─── Given data

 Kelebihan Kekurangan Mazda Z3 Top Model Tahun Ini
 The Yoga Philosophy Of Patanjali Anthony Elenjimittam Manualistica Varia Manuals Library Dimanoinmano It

──────
─── Given data

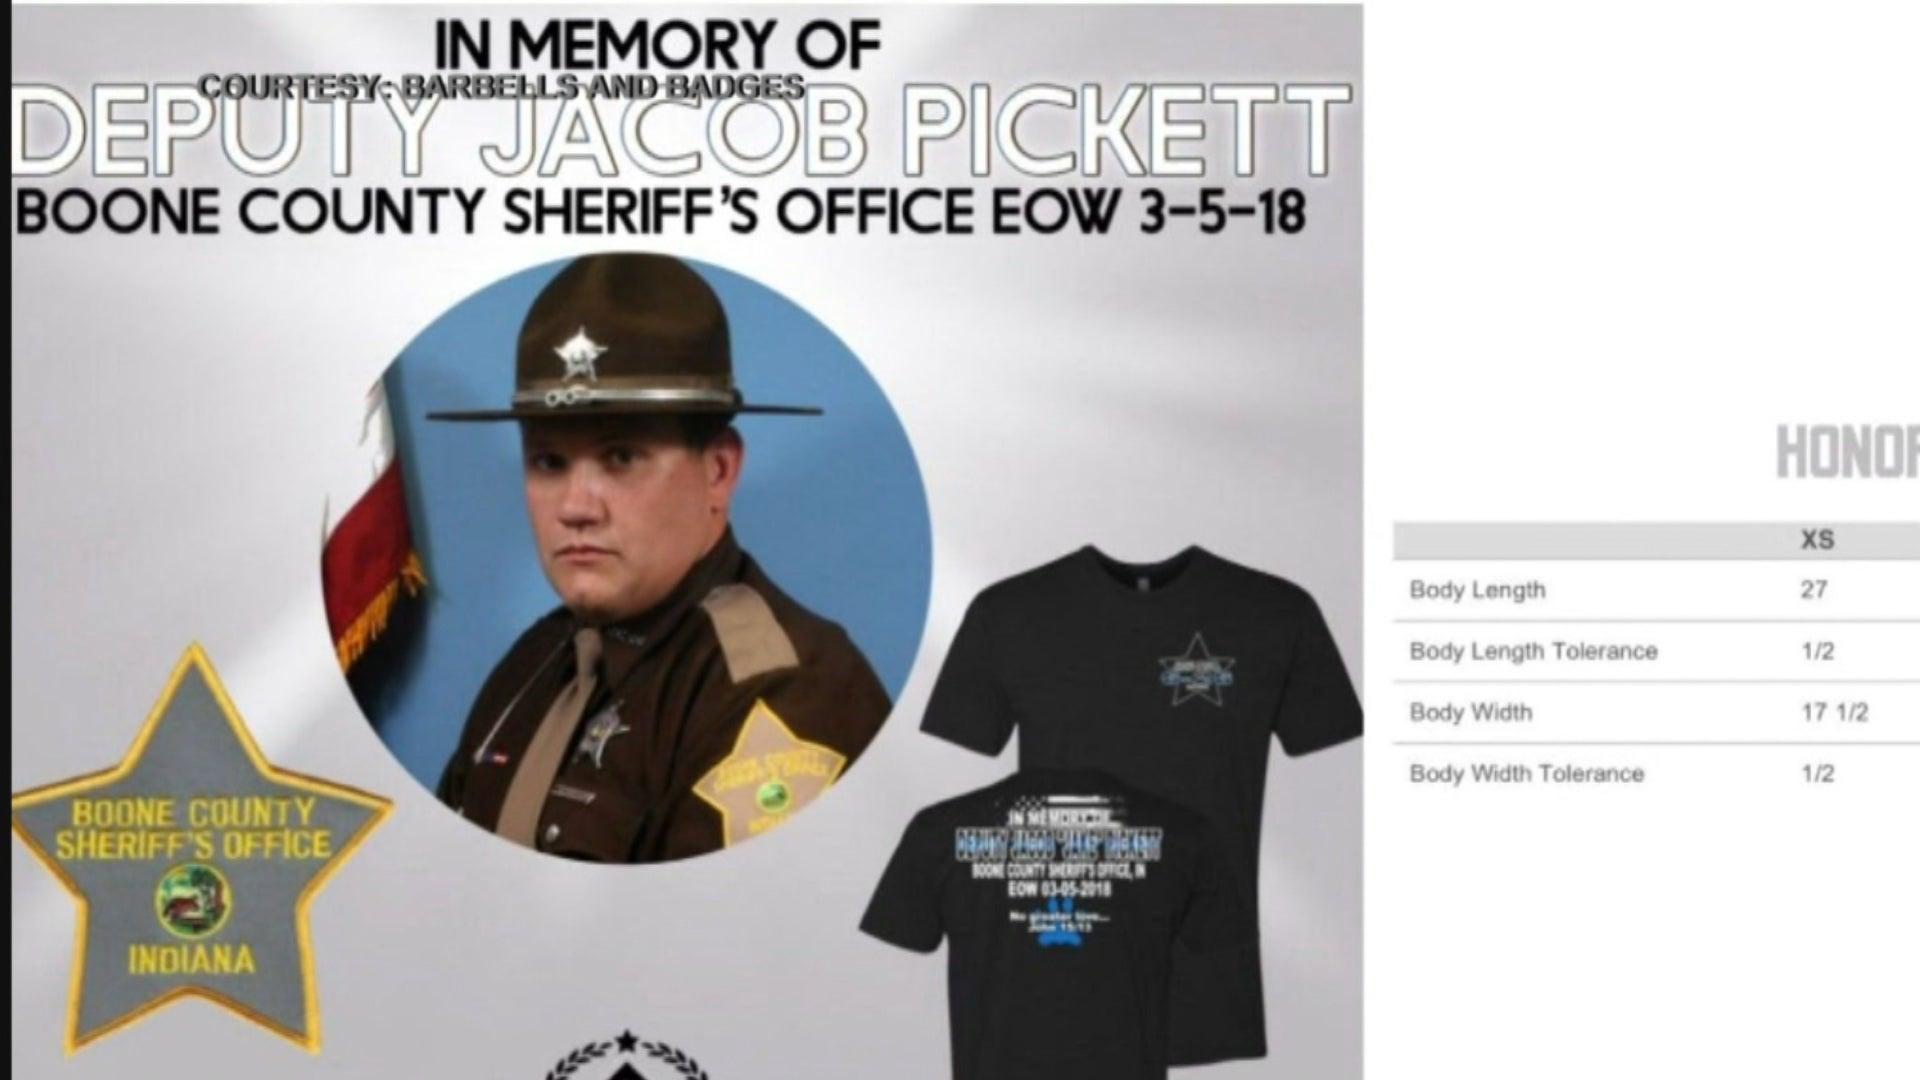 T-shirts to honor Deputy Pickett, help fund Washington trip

──────
─── Given data

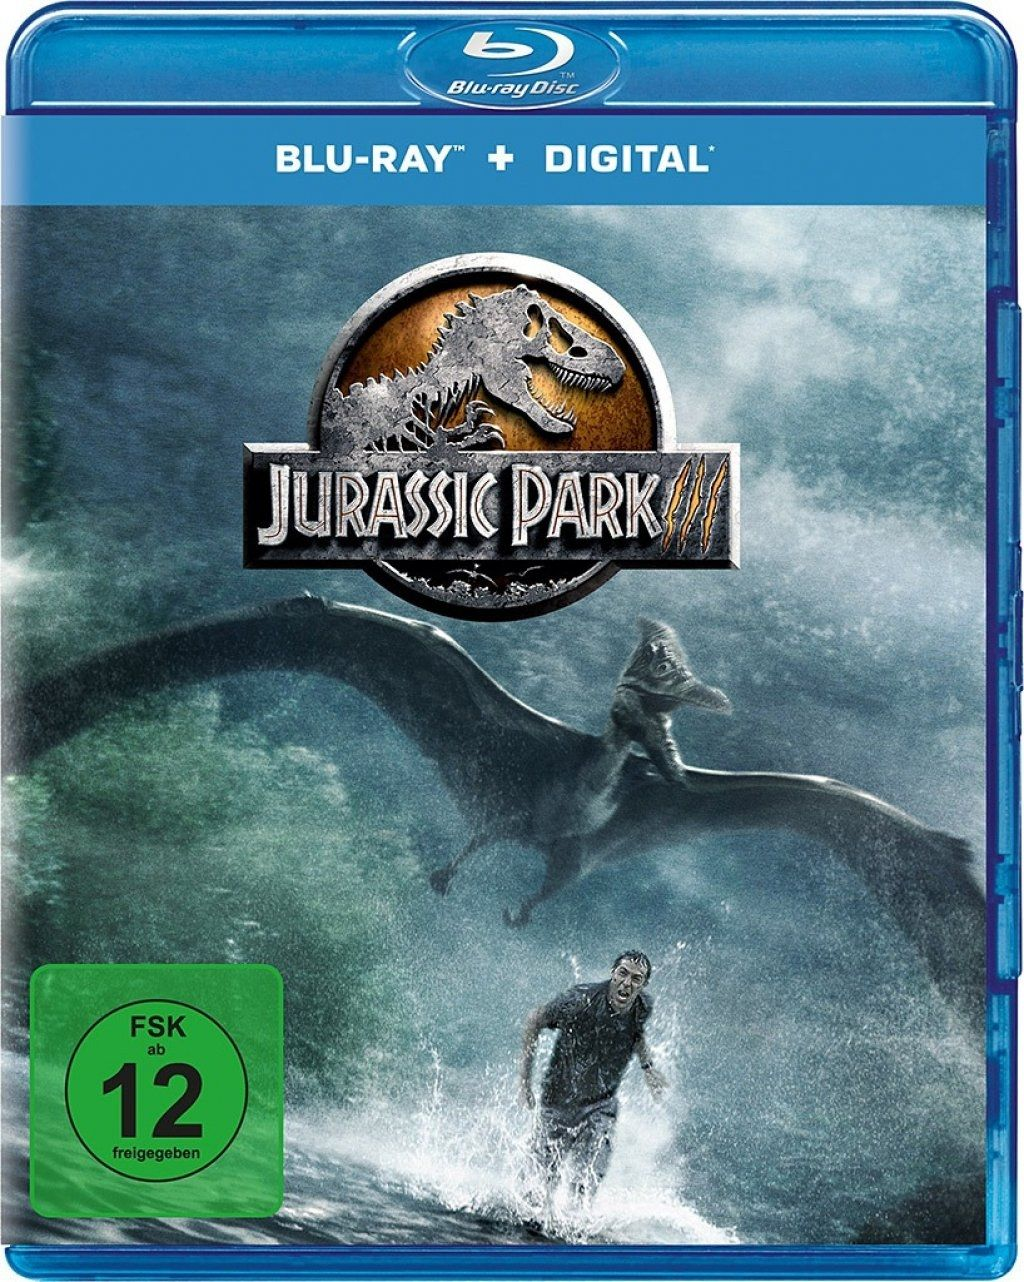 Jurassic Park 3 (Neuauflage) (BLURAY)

──────

**Work task:**
Among the entries above, copy exactly only the lines starting with the one containing "Kelebihan Kekurangan Mazda" and going through the one containing "The Yoga Philosophy", both ends included.

**Output below:**
 Kelebihan Kekurangan Mazda Z3 Top Model Tahun Ini
 The Yoga Philosophy Of Patanjali Anthony Elenjimittam Manualistica Varia Manuals Library Dimanoinmano It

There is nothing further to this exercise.